Crypto news

17.06.2026
08:02

UC Davis Neurointerface: 1.96 million words in 19 months — a new record for everyday use

AI artificial intelligence

A research team from the University of California, Davis, has presented results that fundamentally change the understanding of the practical applicability of neural interfaces. A patient with amyotrophic lateral sclerosis (ALS) named Casey Harrell transmitted 183,060 sentences over 19 months — that's 1,960,163 words. The average speed was 56 words per minute.

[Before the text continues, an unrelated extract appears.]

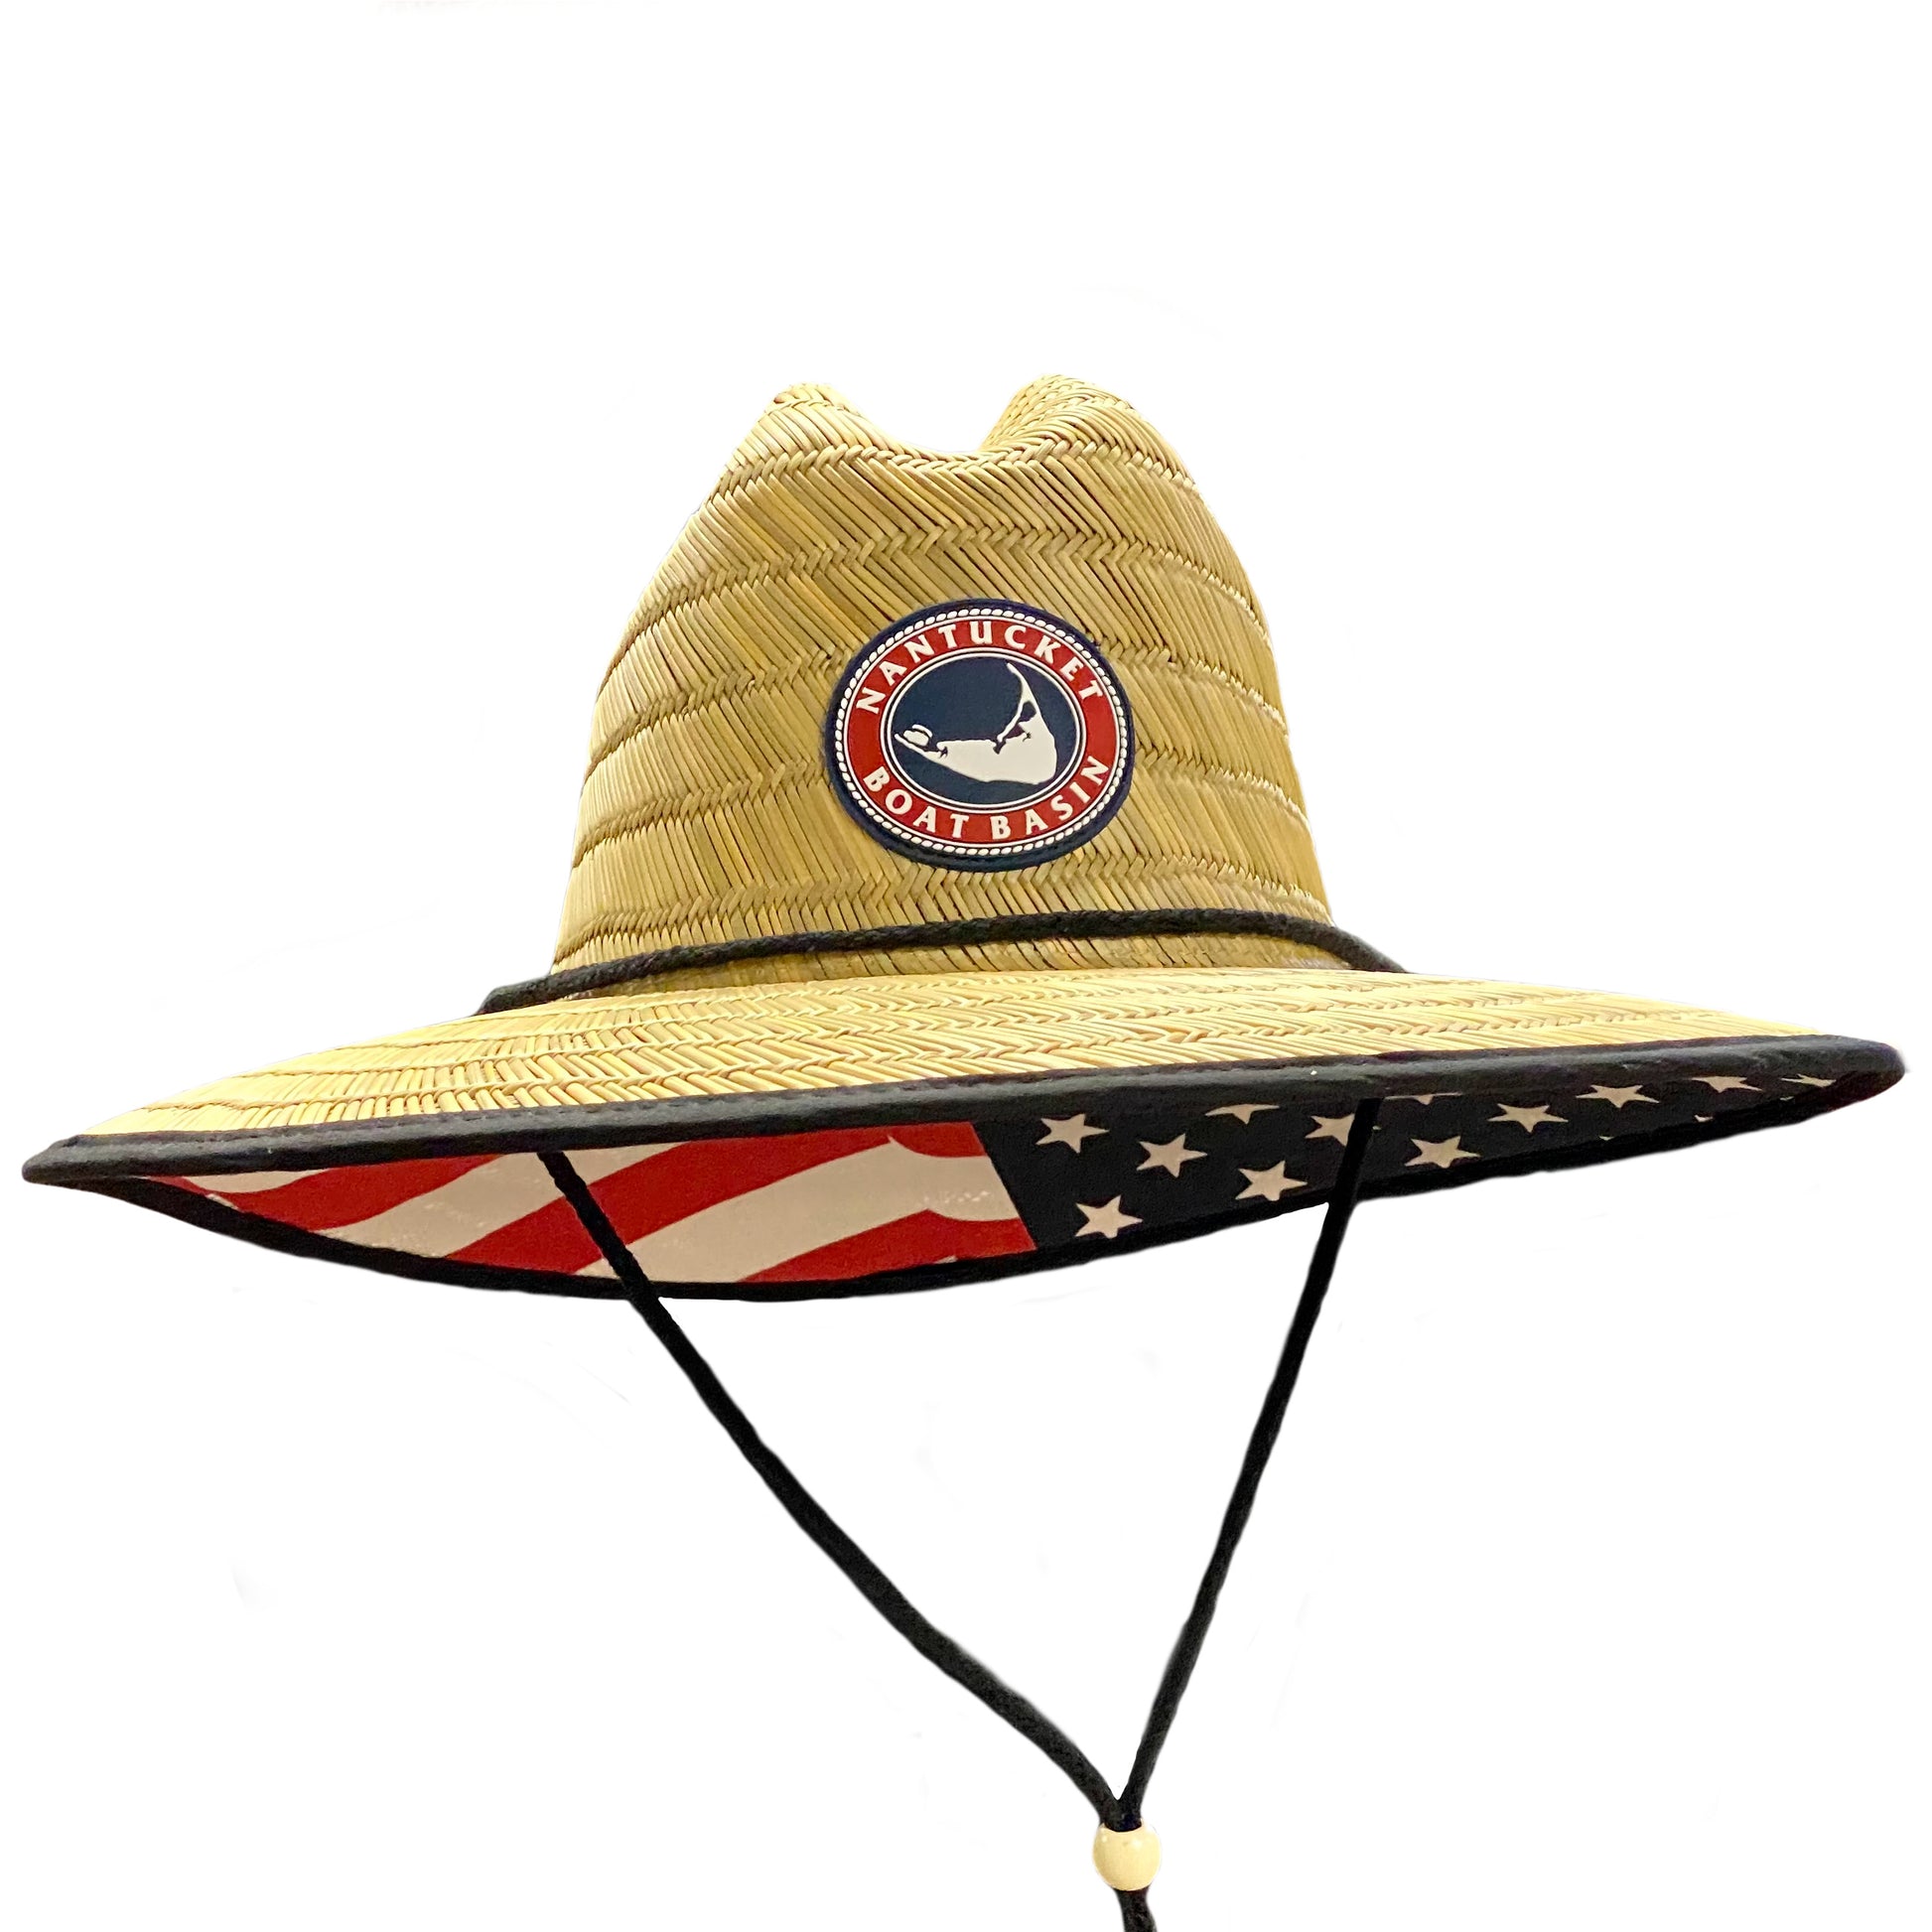 Nantucket Boat Basin Straw Hat

The key difference of this work from previous ones is the focus on real, home use rather than laboratory experiments. Harrell used the system for over 3,800 hours, without researchers present. He communicated with family, friends, and colleagues, sent messages, participated in video calls, and continued working despite complete paralysis.

Accuracy and Adaptation: From Lab to Life

According to the patient's own assessment, 92% of sentences were decoded as at least "mostly correct." Formal tests showed even more impressive figures: accuracy exceeded 99% with a vocabulary of 125,000 words, with a peak rate reaching 99.2%. After assistants were allowed to independently connect the equipment, the average interaction time increased from 3.7 to 9.5 hours per day. The system was used on 444 out of 653 days after implantation.

Technological Architecture: How It Works

In 2023, Harrell had four microelectrode arrays implanted in the left precentral gyrus — the brain area responsible for speech coordination. The system reads signals from 256 cortical electrodes when the patient attempts to speak. An algorithm converts neural activity into phoneme probabilities every 80 milliseconds, and then a language model selects the most likely sequence of words. After the phrase is completed, the text is voiced by a synthesized voice tuned to Harrell's original voice before the illness.

Notably, the system also includes a cursor decoder for computer control. Previously, it was assumed that different brain areas were needed for speech and movements, but the team proved that both modes can be implemented through signals from the speech motor cortex.

From Experiment to Tool

Previous work by the same group demonstrated high accuracy in the lab: in 2024, the system achieved 99.6% accuracy with a vocabulary of 50 words after 30 minutes of training. However, the new publication shifts the focus to long-term, everyday use. According to study co-author Sergey Stavisky, 3,800 hours of recorded brain activity represent the largest individual dataset with resolution at the level of individual neurons.

It is important to emphasize that this is still a single clinical case. The system remains experimental: it uses wired connections, requires daily setup by trained assistants, and due to its size, is only suitable for home use. It is not yet clear how scalable the results are to other patients with different types of implantation and neurological conditions.

My comment as an analyst: This breakthrough demonstrates that brain-computer interfaces are moving from the stage of laboratory curiosities into the realm of real tools for everyday life. 3,800 hours of use is not just a number; it is proof that the technology can be sustainable and useful in real-world conditions. However, investors and developers should remember: the path to mass adoption will be long, and the key challenges remain miniaturization, wireless connectivity, and adaptation to individual patient characteristics.